Поэтому женщины плакали и припоминали все молитвы, которые деспотическая власть под лозунгом «Свободы, равенства и братства!» приказала забыть им.
Из запыленных углов опять были извлечены старые ломаные четки, и колени вновь преклонились перед незримым образом Господа.
«О Боже! Милосердный Боже! Не дай убежать этой женщине!»
«Пресвятая Дева! Матерь Божия! Сделай так, чтобы она не смогла убежать!»
Некоторые из них с рассветом, прихватив горячего супа или кофе, отправились к своим наблюдающим за тюрьмой мужьям.
– Ну как, ничего не видно?
– Женщину-то эту хоть видели?
– А в какой она камере?
– Почему они не покажут ее нам?
– А вы уверены, что она еще не сбежала?
Все эти вопросы, произносимые сдавленным шепотом, все больше и больше проникали в толпу вместе с паром, идущим от жестяных мисок.
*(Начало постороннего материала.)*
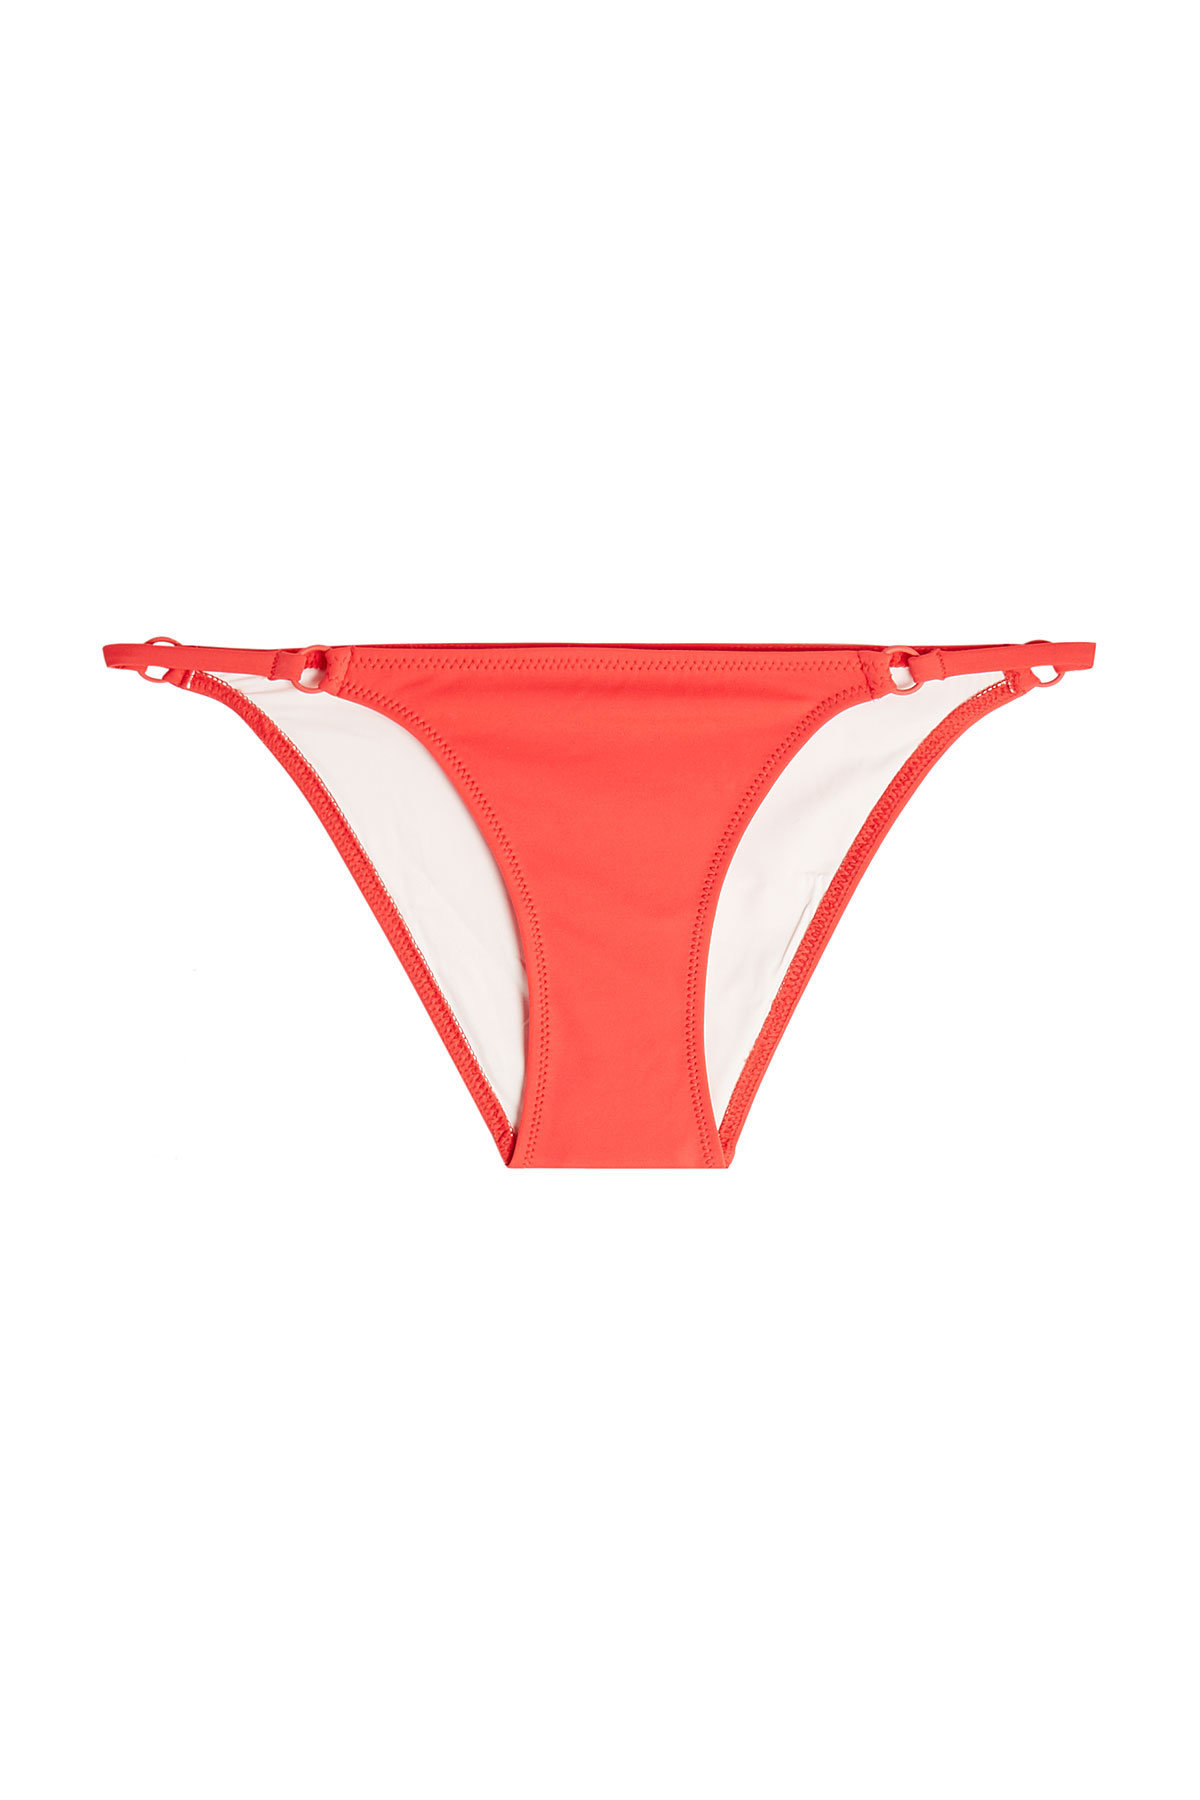 Solid & Striped - The Tilda Bikini Bottoms

Но никто ничего толком не мог ответить, хотя Дезире Мелю и заявил, что среди ночи видел в одном из окон тюрьмы женское лицо. Однако поскольку он не мог ни описать лица этой женщины, ни даже указать точно окна, в котором видел ее, все решили, что ему это просто приснилось.
«Граждане Булони, просыпайтесь!»
Этот крик, доносившийся поначалу от городской ратуши, раздался теперь совсем рядом с собравшейся толпой, все лица которой были безотрывно обращены к тюрьме Гейоль. Никто и не спал, все были настолько измучены, что ни у кого не было даже сил оглянуться на крик.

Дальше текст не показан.